--- RECORDS SUPPLIED Enclosed Below ---

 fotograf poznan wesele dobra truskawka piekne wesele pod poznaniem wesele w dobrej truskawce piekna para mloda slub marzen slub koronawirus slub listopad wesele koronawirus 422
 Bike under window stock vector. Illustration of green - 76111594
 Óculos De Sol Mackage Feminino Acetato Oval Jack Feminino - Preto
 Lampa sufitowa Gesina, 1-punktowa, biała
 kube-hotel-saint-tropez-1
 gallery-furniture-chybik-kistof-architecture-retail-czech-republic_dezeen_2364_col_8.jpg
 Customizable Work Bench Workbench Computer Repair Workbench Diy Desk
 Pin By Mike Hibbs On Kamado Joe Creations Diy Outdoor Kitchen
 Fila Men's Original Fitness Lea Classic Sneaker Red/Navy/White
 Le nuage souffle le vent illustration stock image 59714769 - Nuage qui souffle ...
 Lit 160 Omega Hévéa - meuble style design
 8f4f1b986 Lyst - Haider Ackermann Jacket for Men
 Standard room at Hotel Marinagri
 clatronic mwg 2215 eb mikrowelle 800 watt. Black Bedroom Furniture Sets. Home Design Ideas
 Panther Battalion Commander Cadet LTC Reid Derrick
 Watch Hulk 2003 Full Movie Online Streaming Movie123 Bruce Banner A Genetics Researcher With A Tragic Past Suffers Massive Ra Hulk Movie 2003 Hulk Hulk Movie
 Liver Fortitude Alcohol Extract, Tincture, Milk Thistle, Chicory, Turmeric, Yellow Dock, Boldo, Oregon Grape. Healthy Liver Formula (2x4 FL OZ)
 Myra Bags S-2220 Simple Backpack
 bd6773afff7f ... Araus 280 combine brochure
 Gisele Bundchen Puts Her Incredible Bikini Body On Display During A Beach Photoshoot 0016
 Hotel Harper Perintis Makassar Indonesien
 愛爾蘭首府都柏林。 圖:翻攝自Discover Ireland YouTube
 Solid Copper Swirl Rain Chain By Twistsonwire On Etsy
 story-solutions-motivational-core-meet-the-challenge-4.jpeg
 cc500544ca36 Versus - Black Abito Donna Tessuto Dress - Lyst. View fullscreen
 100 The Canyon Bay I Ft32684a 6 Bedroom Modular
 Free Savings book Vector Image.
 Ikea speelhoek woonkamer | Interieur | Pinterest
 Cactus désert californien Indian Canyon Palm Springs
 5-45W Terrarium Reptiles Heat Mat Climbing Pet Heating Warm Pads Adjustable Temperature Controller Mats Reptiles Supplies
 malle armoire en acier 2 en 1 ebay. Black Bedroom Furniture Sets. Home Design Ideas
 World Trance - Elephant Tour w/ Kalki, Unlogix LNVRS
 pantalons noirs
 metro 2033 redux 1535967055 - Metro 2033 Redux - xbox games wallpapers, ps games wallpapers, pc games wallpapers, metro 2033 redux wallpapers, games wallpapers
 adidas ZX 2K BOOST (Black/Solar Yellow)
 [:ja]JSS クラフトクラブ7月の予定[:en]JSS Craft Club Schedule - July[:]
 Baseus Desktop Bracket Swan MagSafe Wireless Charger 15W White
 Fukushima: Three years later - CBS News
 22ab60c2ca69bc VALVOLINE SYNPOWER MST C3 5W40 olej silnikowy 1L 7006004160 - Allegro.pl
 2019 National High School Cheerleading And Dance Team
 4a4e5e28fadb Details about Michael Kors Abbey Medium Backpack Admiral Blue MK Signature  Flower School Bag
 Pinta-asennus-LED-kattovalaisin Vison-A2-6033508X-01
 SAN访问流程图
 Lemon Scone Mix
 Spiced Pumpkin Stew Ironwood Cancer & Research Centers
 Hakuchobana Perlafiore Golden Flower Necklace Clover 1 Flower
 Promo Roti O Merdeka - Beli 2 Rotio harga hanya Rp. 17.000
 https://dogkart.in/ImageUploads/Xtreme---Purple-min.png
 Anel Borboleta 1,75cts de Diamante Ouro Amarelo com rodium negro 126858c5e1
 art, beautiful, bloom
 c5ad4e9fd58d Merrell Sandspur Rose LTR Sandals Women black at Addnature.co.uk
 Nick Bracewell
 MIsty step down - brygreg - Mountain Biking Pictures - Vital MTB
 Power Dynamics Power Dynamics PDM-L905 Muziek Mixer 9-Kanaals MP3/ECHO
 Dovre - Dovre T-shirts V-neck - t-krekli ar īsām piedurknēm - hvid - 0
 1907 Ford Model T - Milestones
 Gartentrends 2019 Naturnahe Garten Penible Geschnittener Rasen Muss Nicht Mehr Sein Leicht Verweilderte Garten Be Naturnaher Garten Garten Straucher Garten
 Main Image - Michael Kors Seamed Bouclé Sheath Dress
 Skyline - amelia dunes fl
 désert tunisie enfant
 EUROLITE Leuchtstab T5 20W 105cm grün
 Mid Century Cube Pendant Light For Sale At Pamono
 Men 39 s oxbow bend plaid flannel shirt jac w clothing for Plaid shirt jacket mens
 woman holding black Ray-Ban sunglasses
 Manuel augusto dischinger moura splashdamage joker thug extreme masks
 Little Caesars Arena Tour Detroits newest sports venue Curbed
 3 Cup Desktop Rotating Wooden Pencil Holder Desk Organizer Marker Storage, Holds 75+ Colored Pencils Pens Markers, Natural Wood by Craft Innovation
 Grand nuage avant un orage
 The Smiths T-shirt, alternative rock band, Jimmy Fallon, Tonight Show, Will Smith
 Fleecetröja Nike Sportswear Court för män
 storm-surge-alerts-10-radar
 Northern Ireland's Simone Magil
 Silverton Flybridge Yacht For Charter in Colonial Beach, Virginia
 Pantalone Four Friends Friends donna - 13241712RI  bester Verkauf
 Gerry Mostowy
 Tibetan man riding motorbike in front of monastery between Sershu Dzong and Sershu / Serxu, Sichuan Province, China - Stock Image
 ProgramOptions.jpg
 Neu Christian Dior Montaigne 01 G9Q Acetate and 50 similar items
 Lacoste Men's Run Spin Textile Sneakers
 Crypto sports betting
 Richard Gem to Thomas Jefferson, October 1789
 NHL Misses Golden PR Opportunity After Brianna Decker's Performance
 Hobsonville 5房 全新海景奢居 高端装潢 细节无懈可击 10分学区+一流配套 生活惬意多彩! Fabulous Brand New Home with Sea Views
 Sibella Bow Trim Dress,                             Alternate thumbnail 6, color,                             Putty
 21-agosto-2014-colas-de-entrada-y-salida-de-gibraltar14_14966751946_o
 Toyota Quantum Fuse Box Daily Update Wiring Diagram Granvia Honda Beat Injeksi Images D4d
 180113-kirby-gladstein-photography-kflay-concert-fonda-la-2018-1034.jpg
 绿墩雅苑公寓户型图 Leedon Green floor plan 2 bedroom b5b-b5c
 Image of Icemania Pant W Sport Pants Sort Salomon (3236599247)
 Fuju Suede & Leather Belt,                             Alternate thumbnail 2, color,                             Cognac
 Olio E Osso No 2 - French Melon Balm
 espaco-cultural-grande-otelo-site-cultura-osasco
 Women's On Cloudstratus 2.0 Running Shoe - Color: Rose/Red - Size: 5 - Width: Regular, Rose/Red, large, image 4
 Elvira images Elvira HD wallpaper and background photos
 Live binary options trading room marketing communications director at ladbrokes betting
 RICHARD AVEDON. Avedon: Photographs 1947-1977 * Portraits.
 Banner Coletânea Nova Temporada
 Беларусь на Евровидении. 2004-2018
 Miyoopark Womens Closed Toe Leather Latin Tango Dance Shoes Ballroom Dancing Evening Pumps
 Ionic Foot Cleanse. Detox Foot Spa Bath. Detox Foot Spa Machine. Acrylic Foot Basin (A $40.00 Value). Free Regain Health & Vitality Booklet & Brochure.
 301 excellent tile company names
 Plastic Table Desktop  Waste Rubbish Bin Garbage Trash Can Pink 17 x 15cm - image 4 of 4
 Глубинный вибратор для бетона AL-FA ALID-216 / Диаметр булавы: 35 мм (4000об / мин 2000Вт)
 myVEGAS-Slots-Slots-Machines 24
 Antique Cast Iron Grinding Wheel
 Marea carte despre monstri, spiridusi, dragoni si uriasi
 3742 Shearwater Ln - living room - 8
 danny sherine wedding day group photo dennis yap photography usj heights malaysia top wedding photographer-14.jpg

--- End of Enclosed RECORDS SUPPLIED ---

• **WORK TO BE COMPLETED**:
Write out exactly the lines from the beginning of the material above through the line with "Panther Battalion Commander", including both and omitting all others.

• **WRITTEN SOLUTION**:
 fotograf poznan wesele dobra truskawka piekne wesele pod poznaniem wesele w dobrej truskawce piekna para mloda slub marzen slub koronawirus slub listopad wesele koronawirus 422
 Bike under window stock vector. Illustration of green - 76111594
 Óculos De Sol Mackage Feminino Acetato Oval Jack Feminino - Preto
 Lampa sufitowa Gesina, 1-punktowa, biała
 kube-hotel-saint-tropez-1
 gallery-furniture-chybik-kistof-architecture-retail-czech-republic_dezeen_2364_col_8.jpg
 Customizable Work Bench Workbench Computer Repair Workbench Diy Desk
 Pin By Mike Hibbs On Kamado Joe Creations Diy Outdoor Kitchen
 Fila Men's Original Fitness Lea Classic Sneaker Red/Navy/White
 Le nuage souffle le vent illustration stock image 59714769 - Nuage qui souffle ...
 Lit 160 Omega Hévéa - meuble style design
 8f4f1b986 Lyst - Haider Ackermann Jacket for Men
 Standard room at Hotel Marinagri
 clatronic mwg 2215 eb mikrowelle 800 watt. Black Bedroom Furniture Sets. Home Design Ideas
 Panther Battalion Commander Cadet LTC Reid Derrick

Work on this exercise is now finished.